For the past two years, Michele and Chris Redding, co-owners of Animas City Theatre, have transmitted London productions to 128 E. College Drive.
“Now we’re in our third year with NTL broadcasts,” Michele Redding said in a telephone interview last week. “When I first went to the Independent Theatre Owners Conference, I decided this is a good fit for Durango.”
The Saturday morning broadcasts are gradually building a local following, Redding said.
“Sometimes we have 12 people, and sometimes we’re packed – every seat taken. This fall, we’re opening with a double bill, ‘Angels in America’ Part I and Part II. It’s the only time we’ll have Friday evening and Saturday morning showings,” she said. “Usually, we schedule all the transmissions for 11 a.m. Saturdays. But this is special. We’re hoping to get the word out.”
“Angels in America” won just about every drama award in the mid-1990s, to name only two: the Tony and the Pulitzer Prize for Drama. It’s a dramatic epic about the 1980s AIDS crises in which Kushner commingles fictional and nonfictional characters to tell a complex and riveting story. In the NTL production, Nathan Lane, the versatile American actor, portrays Cohn, based on the corrupt McCarthyite attorney whose stain continues to permeate American politics. British actor Andrew Garfield (“Spider-Man”) plays the protagonist Prior Walter who is dying of AIDS.
You can see excerpts on YouTube or read reviews because the play opened earlier this year in London. Tickets are $15, a price Redding negotiated as low as possible for the Durango market, slightly above regular movies and almost $10 less than The MET Live.
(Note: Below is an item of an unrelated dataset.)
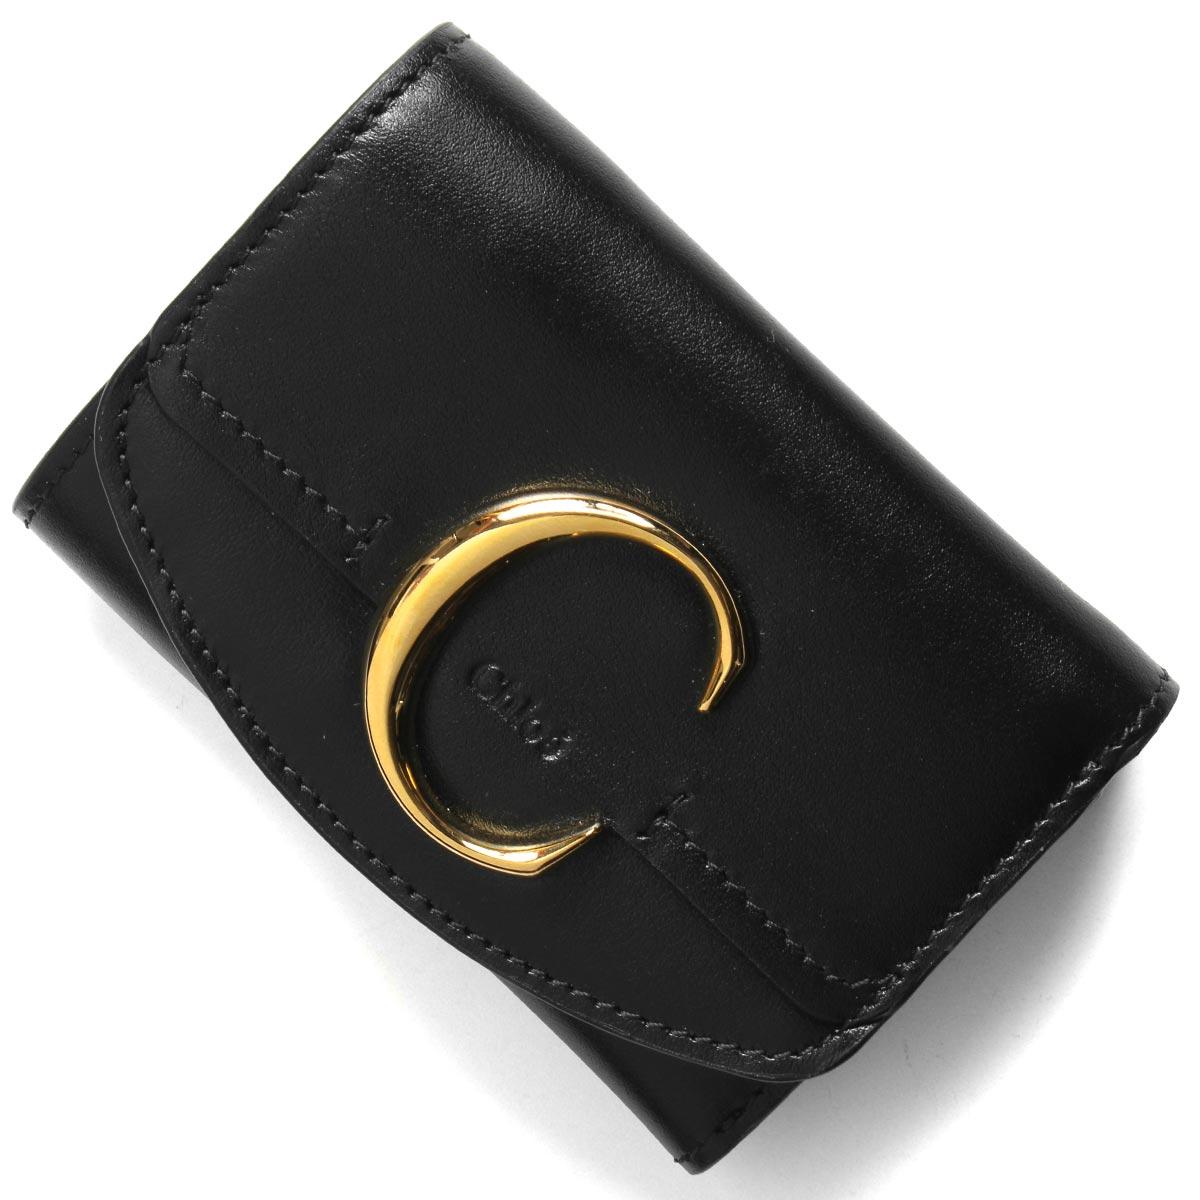 クロエ 三つ折り財布/ミニ財布 財布 レディース クロエ シー ブラック CHC19UP058 A37 001 CHLOE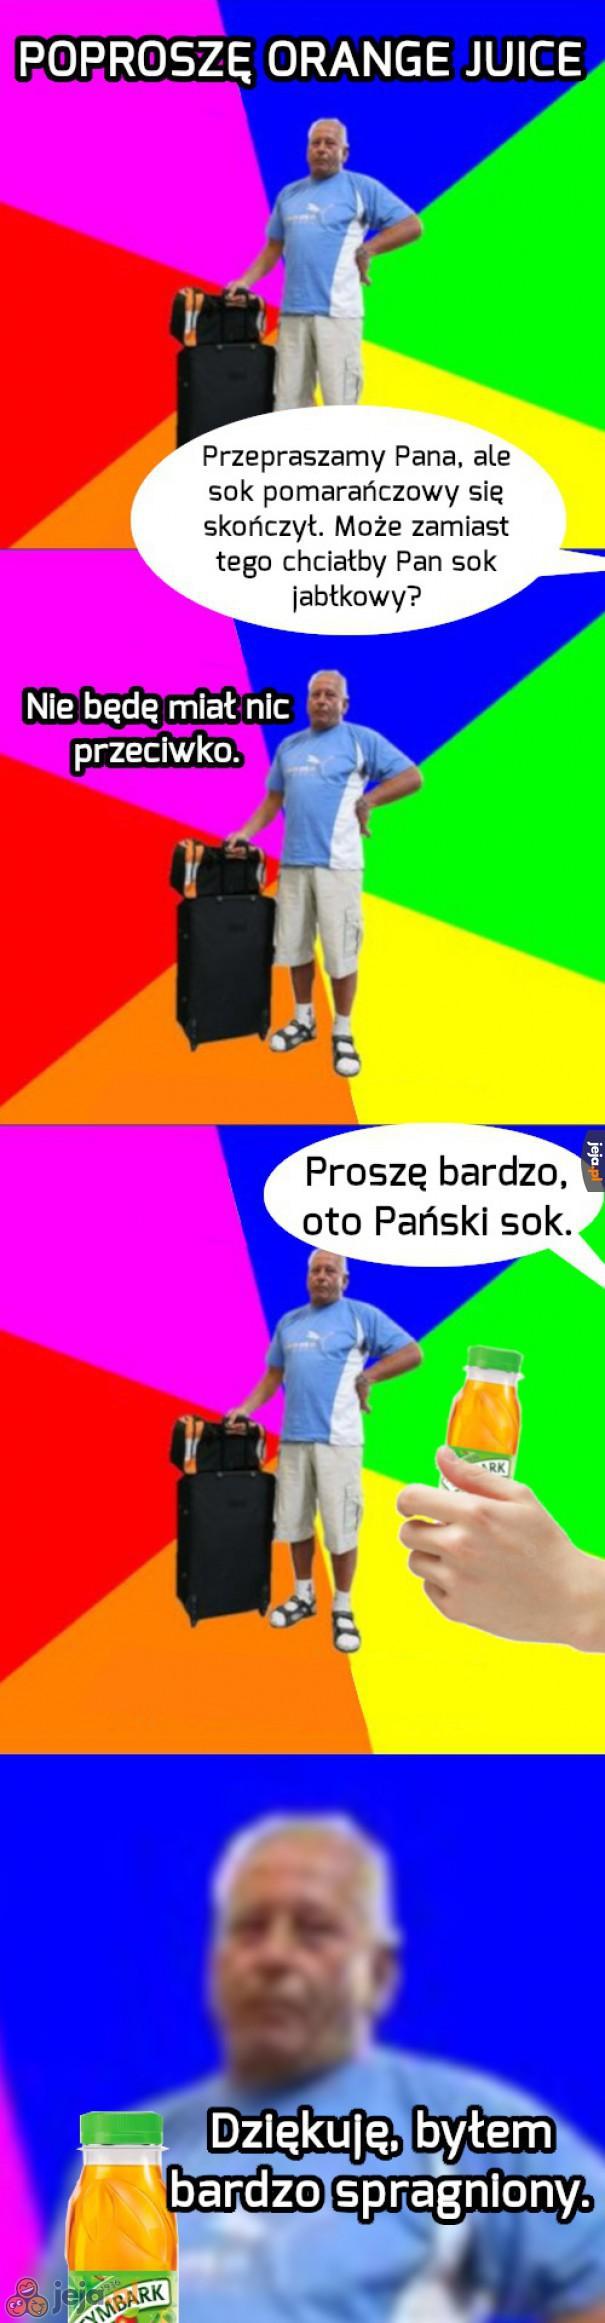 Prawdziwy lingwista z tego Janusza

Judith Reynolds is an arts journalist and member of the American Theater Critics Association.
If you go
What: National Theatre Live, broadcasts from Great Britain.
When: Nine productions beginning today (Friday) through Dec. 16. Most showings are at 11 a.m. Saturdays.
Where: Animas City Theatre, 128 E. College Drive
Tickets: $15
More information: Call 799-2281 or visit www.animascitytheatre.com.
Schedule
1. “Angels in America Part One: Millennium Approaches,” 7:30 p.m. today (Friday) with an encore performance 11 a.m. Nov. 18. Starring Andrew Garfield, Susan Brown and Nathan Lane, among others. (Running time: 3 hours, 45 minutes, two intermissions).
2. “Angels in America Part Two: Perestroika,” 7:30 p.m. Saturday with an encore performance at 11 a.m. Nov. 25. (Running time: 4 hours, 20 minutes with two intermissions).
3. “Obsession,” based on Visconti’s 1943 neo-realist film about resistance to Fascism, starring Jude Law, Sept. 16, with an encore performance Jan. 6. (Running time 2 hours with no interval).
4. “Who’s Afraid of Virginia Woolf?” by Edward Albee, Sept. 30, with an encore Feb. 17, 2018. Starring Imelda Staunton. (Running time: 3 hours with one interval and a pause).
5. “Rosencrantz & Guildenstern Are Dead,” by contemporary British playwright Tom Stoppard, an edgy comedic take on Hamlet from his friends’ point of view, starring Daniel Radcliffe and David Haig. Oct. 7 with an encore Nov. 11. (Running time: 2 hours and 45 minutes).
6. “Peter Pan,” based on the story by J.M. Barrie in a co-production with Bristol’s Old Vic, starring Paul Hilton. Oct. 14 with an encore Dec. 23. (Running time: 3 hours 20 minutes).
7. “Yerma,” starring Billie Piper in a new interpretation of Federico Garcia Lorca’s masterpiece by Simon Stone. Nov. 4, with an encore Dec. 9. (Running time 2 hours).
8. “Salomé,” a new play about an infamous woman by Yaël Farber starring Isabella Nefar. Dec. 2 with an encore Jan. 20. (Running time 2 hours with no intermission).
9. “Twelfth Night,” the brilliant mistaken-identity comedy by Shakespeare with a turn toward modern dress and creative casting. Dec. 16 with an encore Feb. 10, 2018. (Running time: 3 hours with one intermission).
Running times vary from two to more than four hours, often with intermissions to view stage changes and interviews. Buy your tickets ahead of time or at the door.